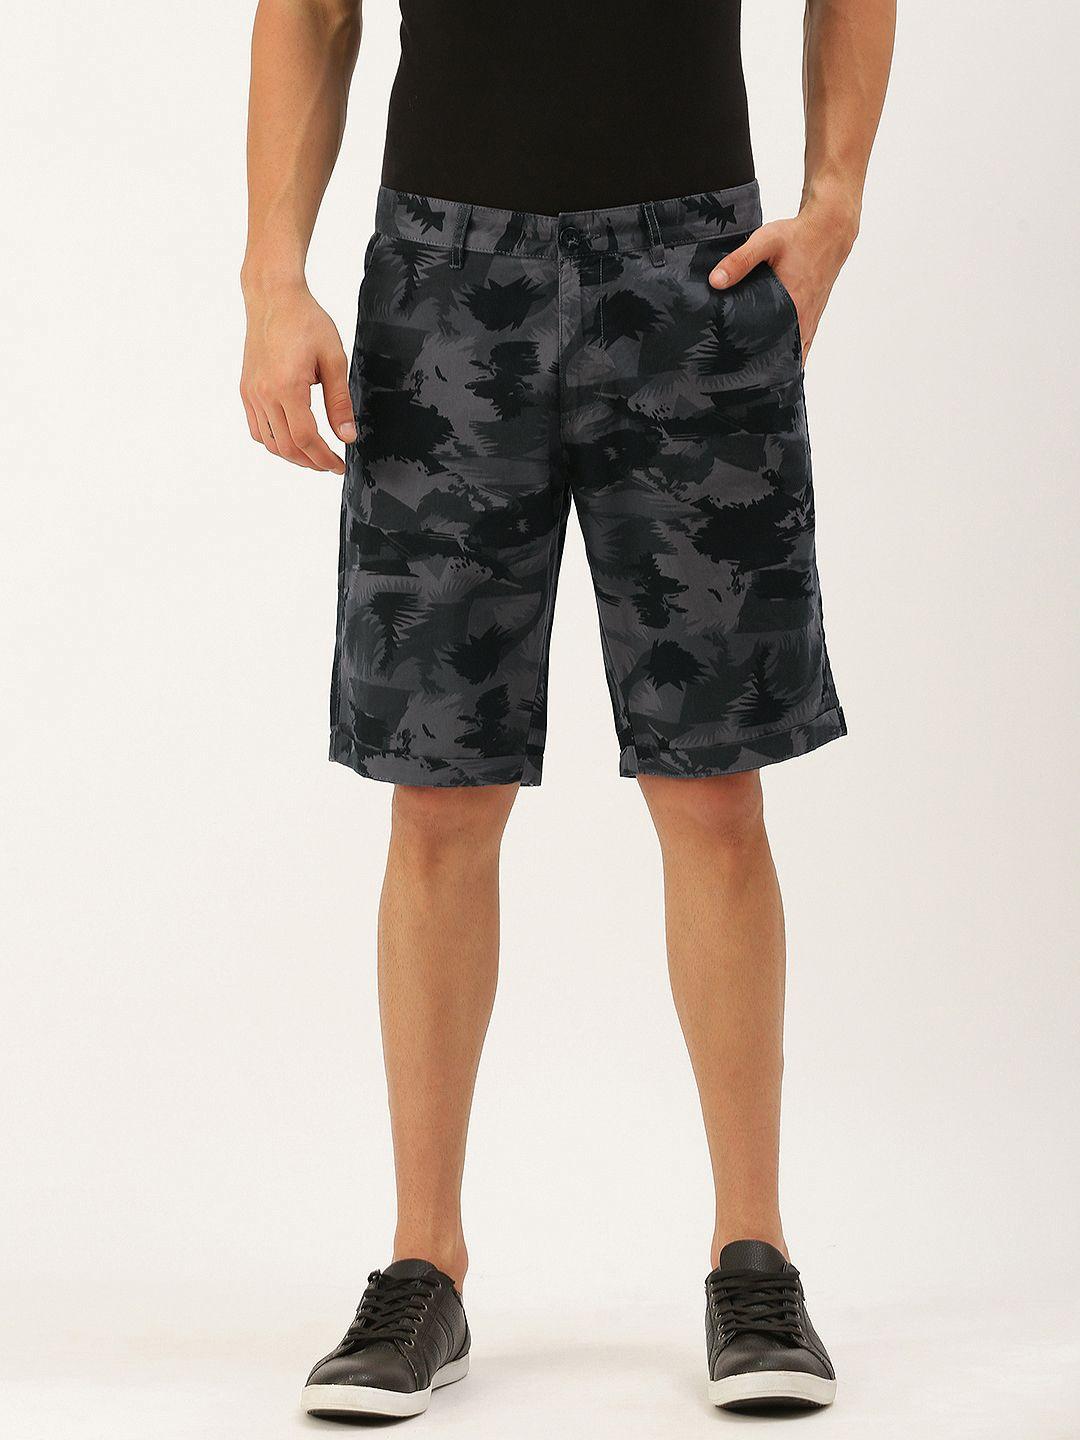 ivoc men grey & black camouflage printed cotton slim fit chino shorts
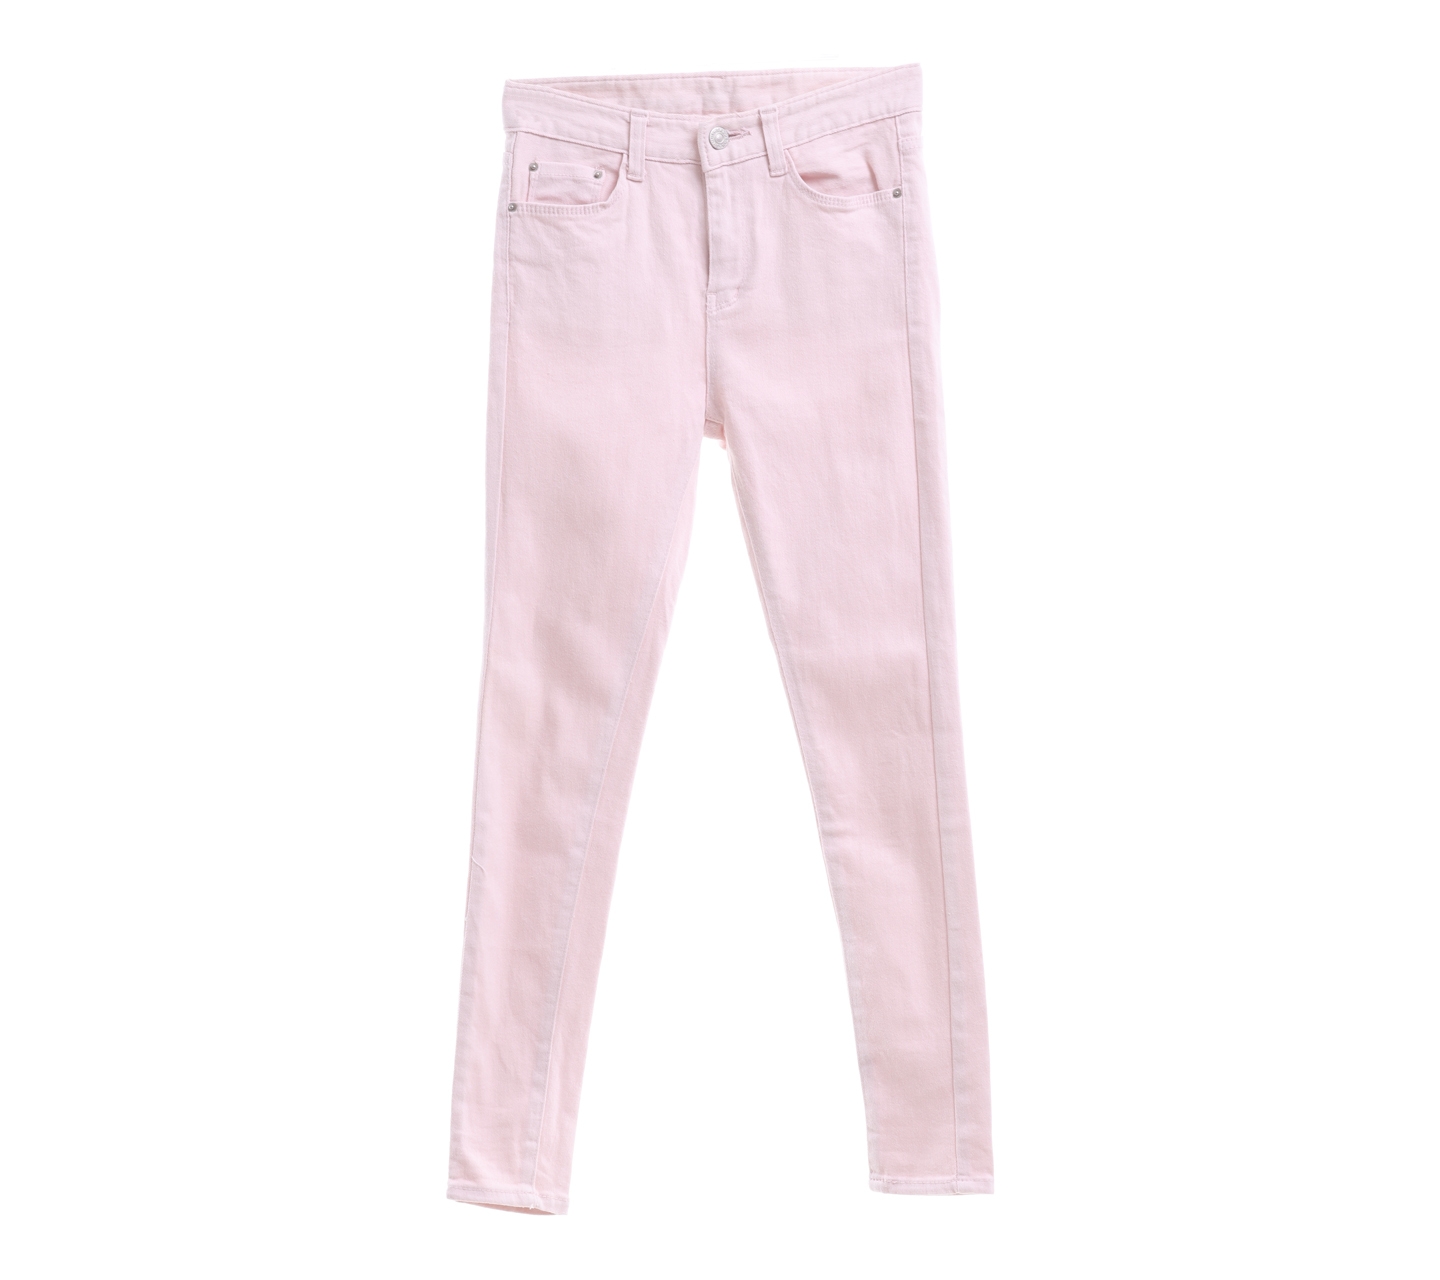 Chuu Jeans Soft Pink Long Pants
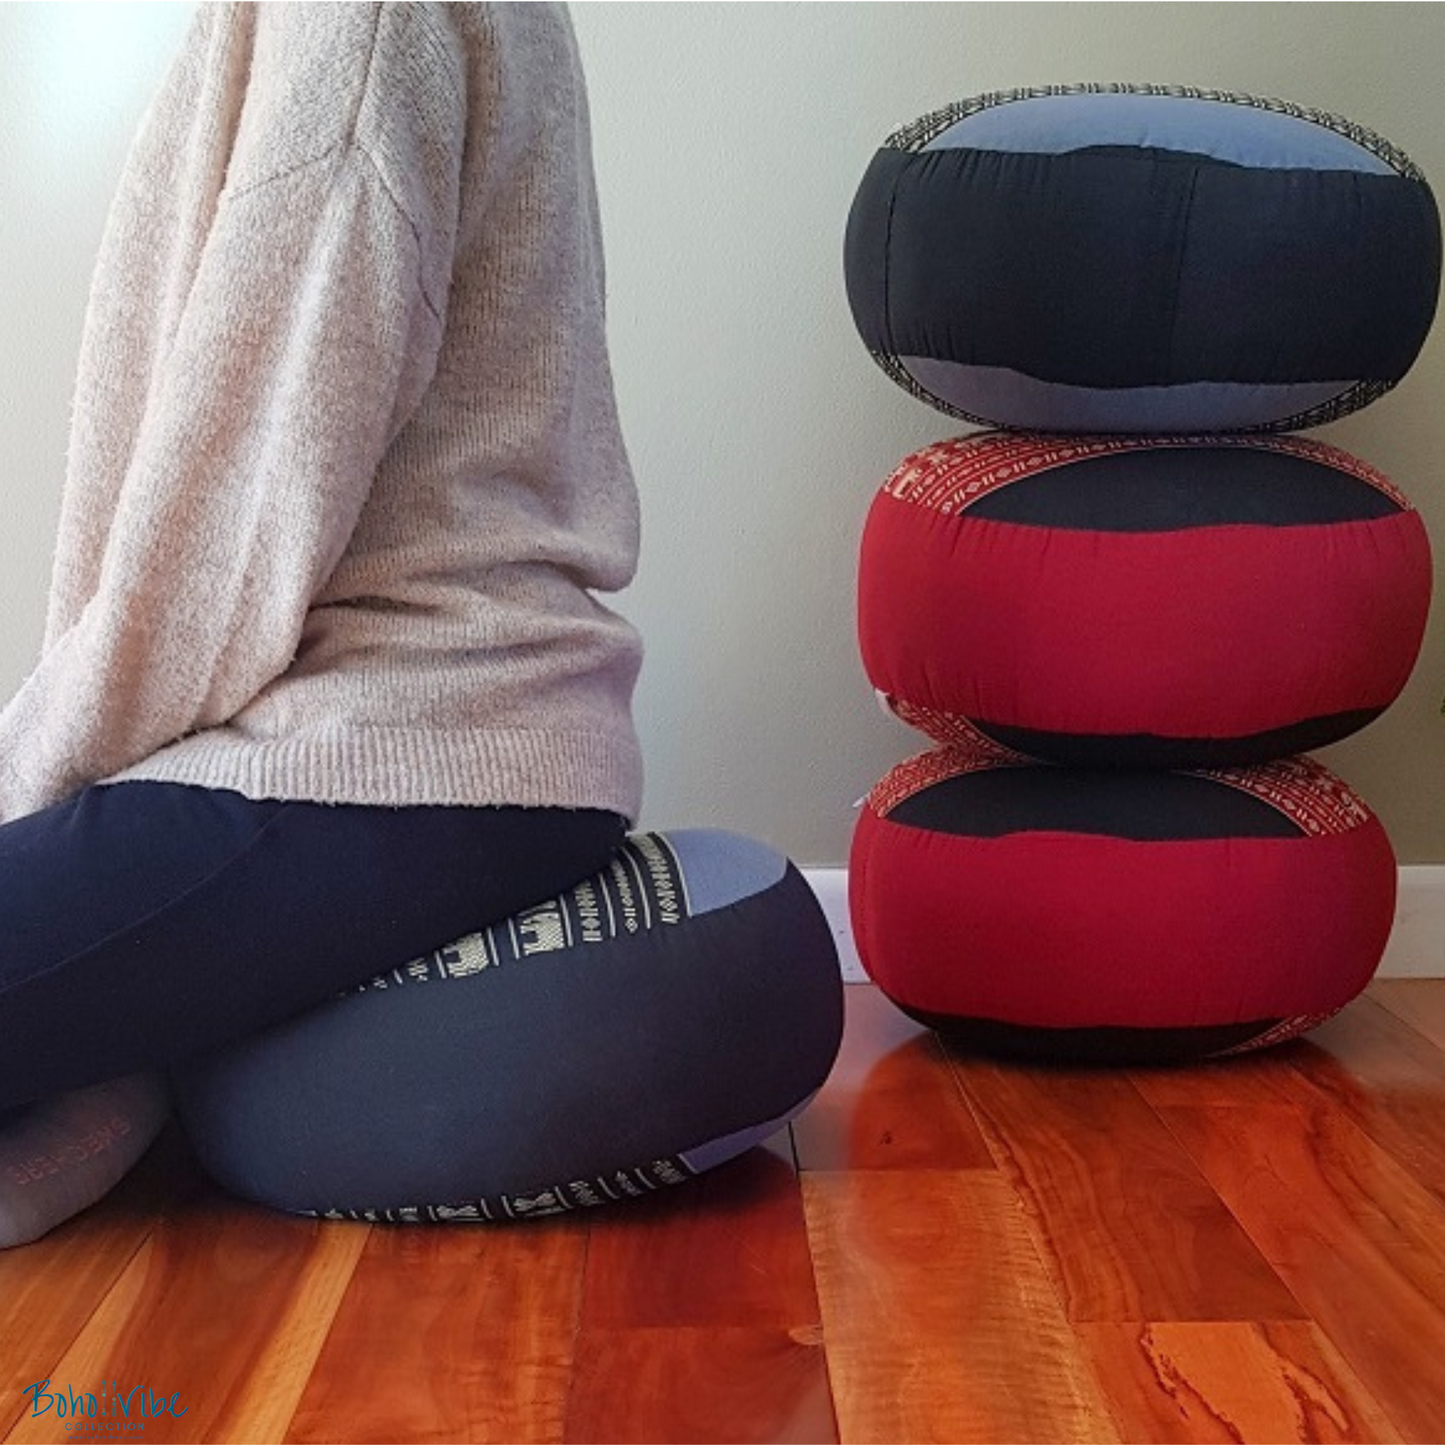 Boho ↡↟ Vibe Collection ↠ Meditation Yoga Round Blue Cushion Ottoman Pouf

============================================================

Without the pictures, write out the whole listing above exactly as it appears.

**OUTPUT**
 ivoc men grey & black camouflage printed cotton slim fit chino shorts
 Chuu Jeans Soft Pink Long Pants
 Boho ↡↟ Vibe Collection ↠ Meditation Yoga Round Blue Cushion Ottoman Pouf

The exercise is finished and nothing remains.